\documentclass{article}
%\input{6854-preamble}
\usepackage{scribe}

\begin{document}

\lecture{1}{11/15/2004}{Erik Demaine}{Dan Ports}

Aggarwal \& Vitter 1988

Alternative to RAM model. RAM model doesn't always predict how
algorithms will work on real memory.

CPU has fast connection to \emph{cache}. Cache size is M.
$\frac{M}{B}$ rows of $B$ columns. Main memory is much larger and much
slower to access. $B$ columns, but more rows.

No cost to access cache memory and perform operations on it. Goal is
to minimize number of memory transfers. This isn't exactly the
runtime, since runtime includes cache operations too.

Transfers take place in blocks of size $B$, so we want to take
advantage of locality. Accessing an element requires transferring the
entire block.An algorithm that has runtime $T$ can trivially be made to
use $\le T$ transfers, but we'd like to use less. $\frac{T}{B}$ is
ideal.

Scanning
Visit each element in order. 
%$\ceil{\frac{N}{B}} + 1$ memory transfers to visit $N$ elements. This
is optimal.

Reversing an array. Swap first and last elements. Can be performed
using blocks. Two parallel scans: one from the front, one from the
back. Can be done in $O(\frac{N}{B})$ time. Requires $M \ge 2B$ cache
size. This isn't a problem.

Often we'll use $M = \Omega(B^{1+\epsilon})$: tall cache assumption.

Search trees.
B-trees. nodes containing $b$ values, branching factor
$b+1$. $\Theta(\log_b N)$ height. Why is this good for external memory
algorithms? Choose $b$ to be (a constant factor less than) $B$, so we
can fit a node and all of its child pointers into a block. This gives
us $O(\log_{B+1} N)$ access time. Is this optimal?

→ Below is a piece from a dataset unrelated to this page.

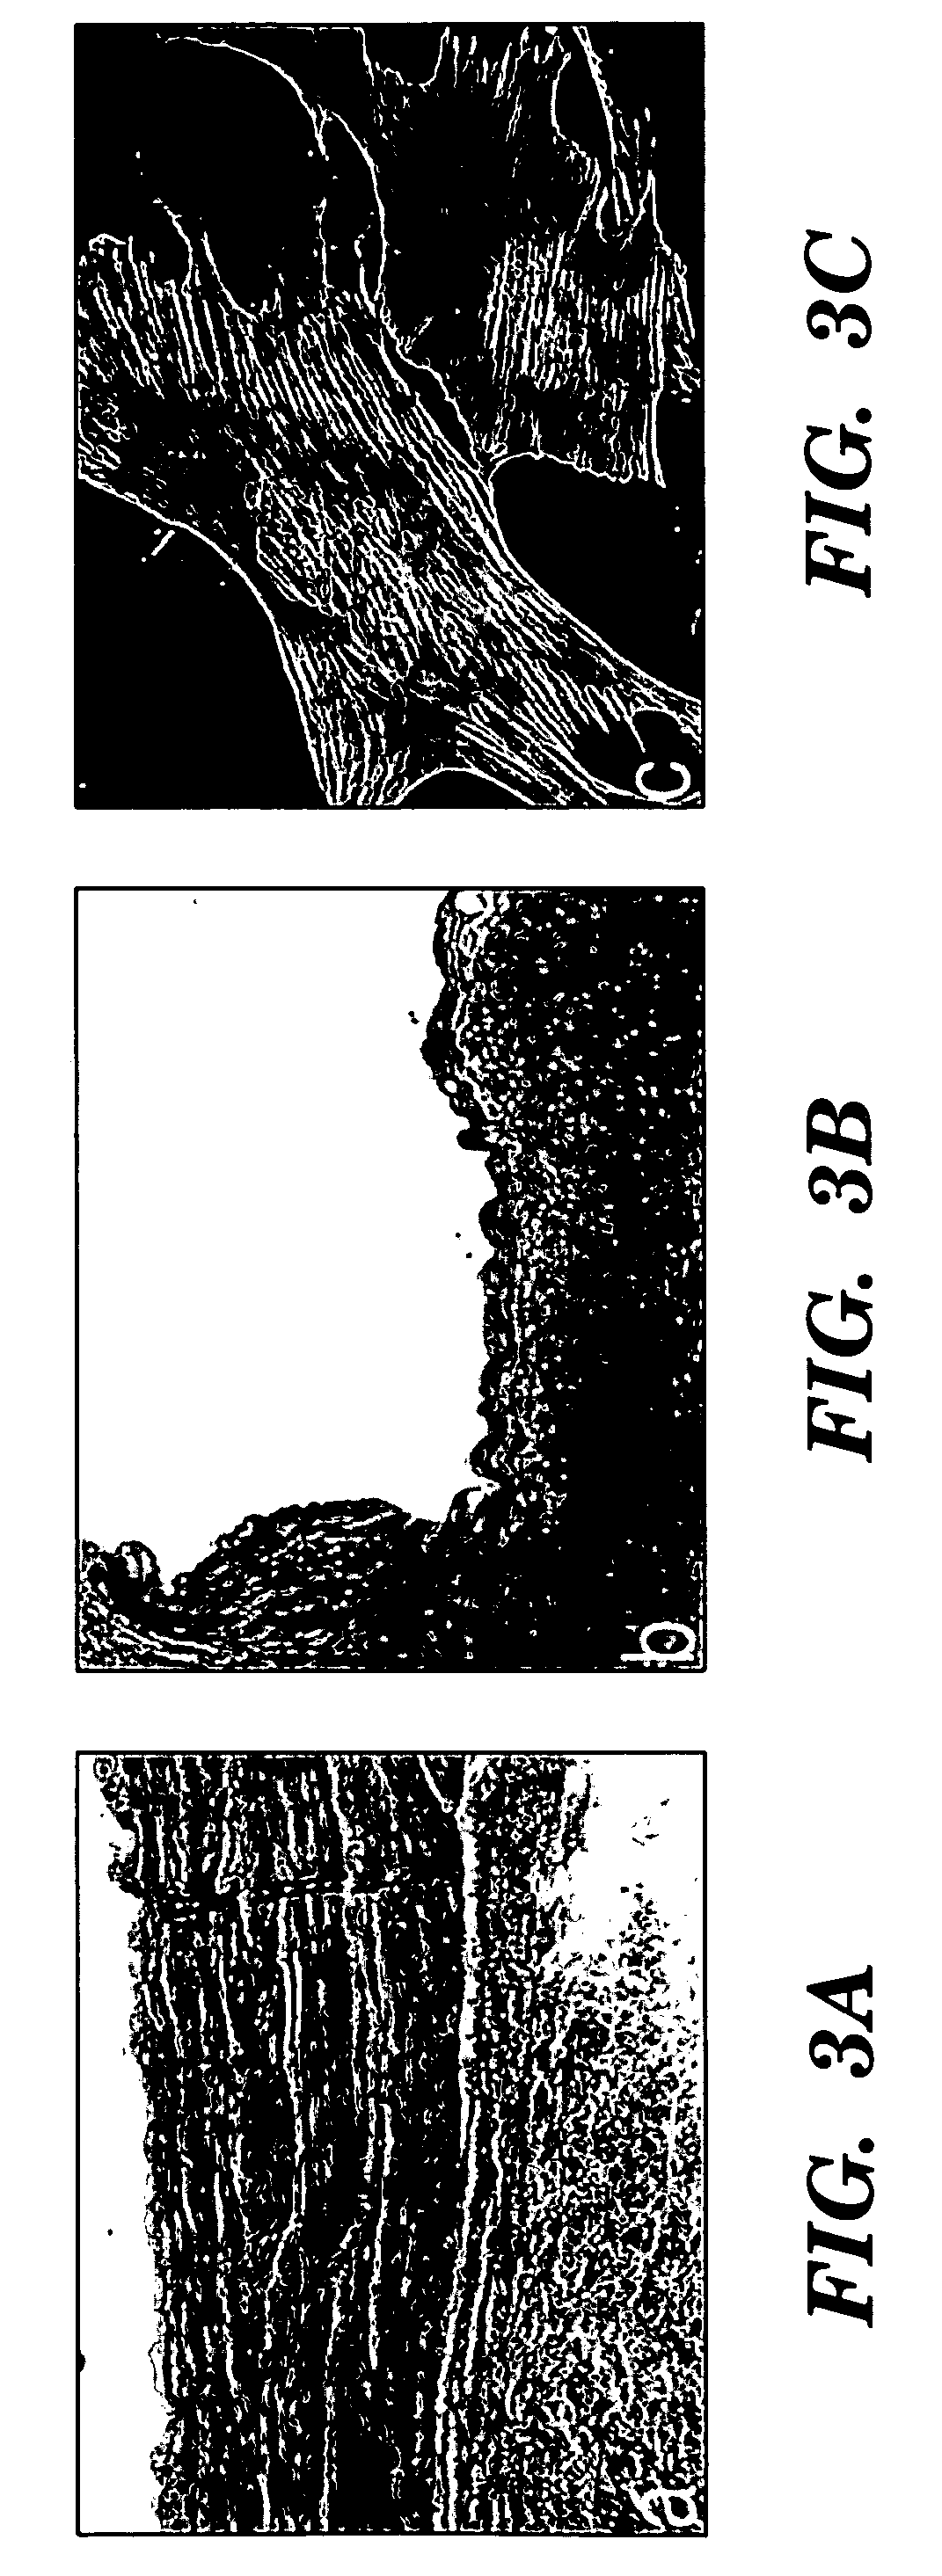 Method of isolating cells from umbilical cord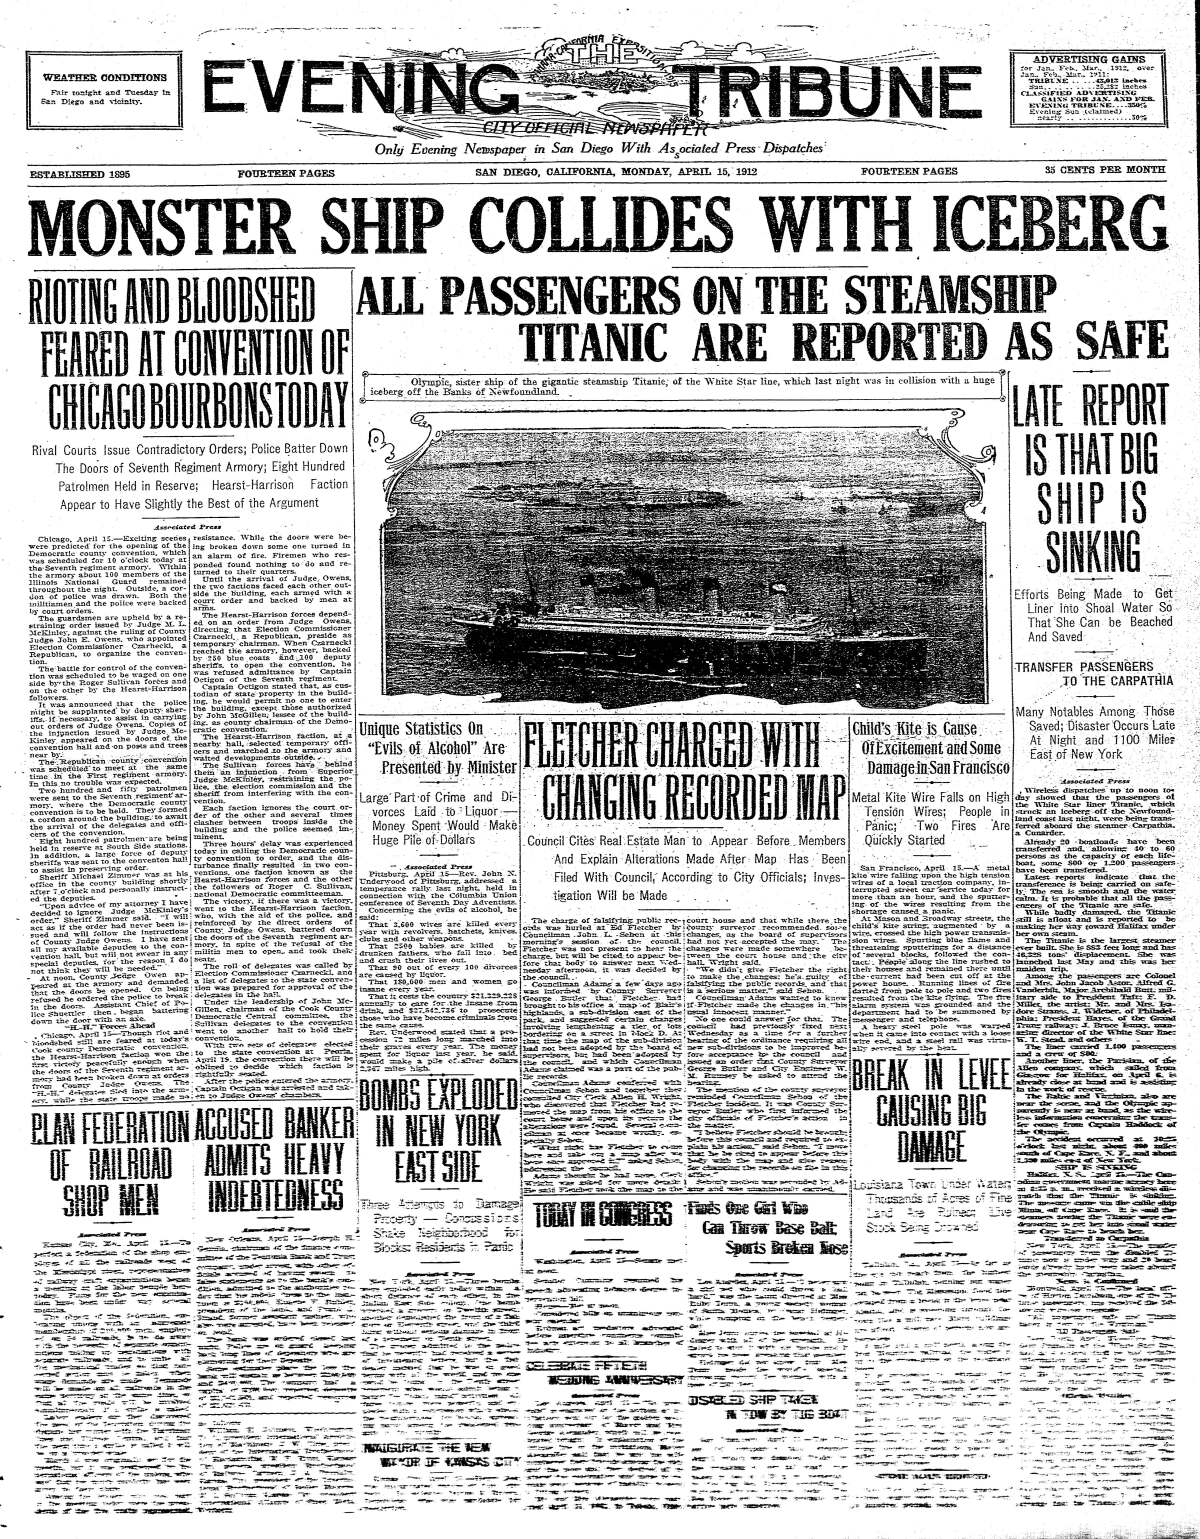 News that the Titanic had struck an iceberg dominated the front page of the Evening Tribune, Monday, April 15, 1912

Search problem: given $N$ elements, do some preprocessing, then find
the closest element to a given query. Normally $O(\log N)$ binary
trees is optimal; here we claim $O(\log_B N)$ is optimal.

Claim (information theoretic): searching for $x$ among a sorted list
of $N$ elements requires $\Omega(\log_{B+1} N)$ memory transfers.

Proof: write down sorted array 1 .. n
most succinct encoding of the answer is the index in the
array. Goal is therefore to learn $lg N+1$ bits. Initially cache is empty,
so we don't have any information. Each memory read reveals
at most $B$ elements that we haven't seen before. So we learn where
$x$ fits into these elements. Since they were already sorted, we learn
$\le \lg B$ bits. So we need $\frac{\lg N+1}{\lg B+1} = \log_{B+1}N$. 

So B-trees are optimal in terms of memory transfer. They can also be
made optimal in time by storing each node as a small balanced binary
search tree.


Sorting (comparison-based).

Bound for sorting is $\Theta(\frac{N}{B} \log_{\frac{M}{B}}
\frac{N}{B})$

In the RAM model, we can sort optimally by building a B-tree and
extracting the minimum element repeatedly. $O(n \log n)$. But this
isn't good in the external memory model: it gets us $O(N \log_{B+1}
N)$, which isn't quite good enough.

Merge sort.

Can divide a problem of size $N$ into two sorting subproblems of size
$\frac{N}{2}$, plus a merge. The merging can be done in
$O(\frac{N}{B})$ time using parallel scanning.
\[ T(N) = 2T(\frac{N}{2}) + O(\frac{N}{B} \]
Recursion tree starts at N/B, goes to 1/2 N/B x 2 + 1/4 N/B x 4 ...
up to depth M. N/B work on each level, log N/M levels.
\[T(N) = \frac{N}{B} \log \frac{N}{M}\]
Almost good, but we want a log base of M/B. How do we get this?

M/B-way mergesort (as opposed to binary mergesort).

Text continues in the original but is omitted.